[Dataset items]
Segment Open

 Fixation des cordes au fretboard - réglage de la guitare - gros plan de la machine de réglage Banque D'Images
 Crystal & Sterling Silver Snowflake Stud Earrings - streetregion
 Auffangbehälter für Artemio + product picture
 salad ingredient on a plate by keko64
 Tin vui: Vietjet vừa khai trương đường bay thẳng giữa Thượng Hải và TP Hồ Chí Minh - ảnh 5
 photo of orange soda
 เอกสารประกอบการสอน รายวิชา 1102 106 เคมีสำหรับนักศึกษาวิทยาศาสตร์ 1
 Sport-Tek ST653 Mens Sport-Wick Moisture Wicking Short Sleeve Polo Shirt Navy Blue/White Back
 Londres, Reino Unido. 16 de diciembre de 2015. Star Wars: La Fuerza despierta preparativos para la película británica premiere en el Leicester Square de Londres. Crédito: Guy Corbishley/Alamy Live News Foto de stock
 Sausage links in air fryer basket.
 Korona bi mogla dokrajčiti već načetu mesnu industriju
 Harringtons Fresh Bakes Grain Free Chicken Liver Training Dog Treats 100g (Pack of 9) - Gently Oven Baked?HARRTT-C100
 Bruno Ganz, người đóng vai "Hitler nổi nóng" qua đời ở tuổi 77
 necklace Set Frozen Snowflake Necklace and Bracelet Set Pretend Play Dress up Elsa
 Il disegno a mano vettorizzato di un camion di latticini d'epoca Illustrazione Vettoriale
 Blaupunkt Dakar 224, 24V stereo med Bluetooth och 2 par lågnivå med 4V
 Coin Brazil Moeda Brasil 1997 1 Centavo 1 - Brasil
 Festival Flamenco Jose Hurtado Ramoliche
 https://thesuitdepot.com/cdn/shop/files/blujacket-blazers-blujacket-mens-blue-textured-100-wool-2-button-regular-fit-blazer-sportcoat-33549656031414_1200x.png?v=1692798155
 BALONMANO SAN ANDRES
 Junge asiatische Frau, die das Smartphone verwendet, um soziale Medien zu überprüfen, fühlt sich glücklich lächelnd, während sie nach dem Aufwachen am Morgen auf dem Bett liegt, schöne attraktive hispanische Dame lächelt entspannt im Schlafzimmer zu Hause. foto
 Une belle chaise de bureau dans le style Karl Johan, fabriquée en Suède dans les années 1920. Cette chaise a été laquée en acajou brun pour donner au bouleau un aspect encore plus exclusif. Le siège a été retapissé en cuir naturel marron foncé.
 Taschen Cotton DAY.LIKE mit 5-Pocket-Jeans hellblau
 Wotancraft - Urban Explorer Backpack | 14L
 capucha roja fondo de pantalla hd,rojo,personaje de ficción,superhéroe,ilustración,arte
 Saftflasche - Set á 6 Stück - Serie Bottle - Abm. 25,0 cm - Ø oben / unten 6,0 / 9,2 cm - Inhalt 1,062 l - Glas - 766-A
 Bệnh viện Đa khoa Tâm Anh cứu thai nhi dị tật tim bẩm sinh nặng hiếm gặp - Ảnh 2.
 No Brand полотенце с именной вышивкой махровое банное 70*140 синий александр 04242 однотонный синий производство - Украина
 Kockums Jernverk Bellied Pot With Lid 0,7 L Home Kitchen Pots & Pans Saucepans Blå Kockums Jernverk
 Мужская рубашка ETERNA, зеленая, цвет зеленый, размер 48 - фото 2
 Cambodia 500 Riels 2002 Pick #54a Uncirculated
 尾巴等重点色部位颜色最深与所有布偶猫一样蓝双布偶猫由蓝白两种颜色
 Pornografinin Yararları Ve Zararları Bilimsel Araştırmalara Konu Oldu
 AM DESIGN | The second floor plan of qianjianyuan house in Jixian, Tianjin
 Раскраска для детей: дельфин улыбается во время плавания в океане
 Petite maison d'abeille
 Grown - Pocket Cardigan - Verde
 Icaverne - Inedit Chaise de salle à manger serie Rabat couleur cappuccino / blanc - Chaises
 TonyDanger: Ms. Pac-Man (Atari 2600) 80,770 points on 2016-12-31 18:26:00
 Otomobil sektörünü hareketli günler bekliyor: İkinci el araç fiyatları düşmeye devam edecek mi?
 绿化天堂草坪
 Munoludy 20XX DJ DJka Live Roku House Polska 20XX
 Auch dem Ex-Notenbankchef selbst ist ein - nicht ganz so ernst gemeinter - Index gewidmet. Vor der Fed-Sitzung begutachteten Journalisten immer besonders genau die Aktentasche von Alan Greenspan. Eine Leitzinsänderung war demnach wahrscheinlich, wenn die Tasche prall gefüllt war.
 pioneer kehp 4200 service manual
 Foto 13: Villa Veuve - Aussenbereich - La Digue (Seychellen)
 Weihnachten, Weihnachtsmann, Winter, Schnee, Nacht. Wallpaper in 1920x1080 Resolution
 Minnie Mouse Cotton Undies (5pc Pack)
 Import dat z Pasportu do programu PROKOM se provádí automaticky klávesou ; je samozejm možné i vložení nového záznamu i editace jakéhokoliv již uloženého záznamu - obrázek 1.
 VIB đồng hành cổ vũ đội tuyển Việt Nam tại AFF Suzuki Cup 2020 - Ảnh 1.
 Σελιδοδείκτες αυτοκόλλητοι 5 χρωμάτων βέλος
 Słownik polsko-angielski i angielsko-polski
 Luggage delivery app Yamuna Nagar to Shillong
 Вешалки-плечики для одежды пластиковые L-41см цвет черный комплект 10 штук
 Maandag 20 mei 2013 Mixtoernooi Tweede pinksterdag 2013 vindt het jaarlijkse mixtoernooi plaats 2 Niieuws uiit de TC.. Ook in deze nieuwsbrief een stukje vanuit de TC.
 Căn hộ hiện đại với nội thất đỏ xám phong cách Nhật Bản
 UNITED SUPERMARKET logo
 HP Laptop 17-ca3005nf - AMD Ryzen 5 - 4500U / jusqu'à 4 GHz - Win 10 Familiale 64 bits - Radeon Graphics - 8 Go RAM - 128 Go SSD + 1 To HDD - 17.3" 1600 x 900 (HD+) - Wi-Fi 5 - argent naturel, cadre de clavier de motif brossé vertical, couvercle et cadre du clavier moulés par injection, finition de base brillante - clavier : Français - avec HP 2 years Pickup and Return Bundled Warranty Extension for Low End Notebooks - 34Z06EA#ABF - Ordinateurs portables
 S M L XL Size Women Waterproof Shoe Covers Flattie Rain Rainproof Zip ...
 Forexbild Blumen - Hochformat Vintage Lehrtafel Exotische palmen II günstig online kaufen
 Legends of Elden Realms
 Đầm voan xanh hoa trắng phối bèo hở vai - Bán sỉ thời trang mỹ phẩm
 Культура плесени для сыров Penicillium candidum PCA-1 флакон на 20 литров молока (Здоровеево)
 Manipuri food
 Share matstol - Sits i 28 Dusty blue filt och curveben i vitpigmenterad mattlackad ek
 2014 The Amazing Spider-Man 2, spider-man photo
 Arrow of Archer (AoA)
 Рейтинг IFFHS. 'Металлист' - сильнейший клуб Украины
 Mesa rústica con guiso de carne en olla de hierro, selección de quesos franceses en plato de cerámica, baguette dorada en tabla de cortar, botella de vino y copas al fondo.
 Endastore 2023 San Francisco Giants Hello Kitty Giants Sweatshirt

Segment Closed

▶ _Assignment_
For this exercise, find all lines in the records containing the word "Cotton" and copy them.

▶ _Result of this task_
 Taschen Cotton DAY.LIKE mit 5-Pocket-Jeans hellblau
 Minnie Mouse Cotton Undies (5pc Pack)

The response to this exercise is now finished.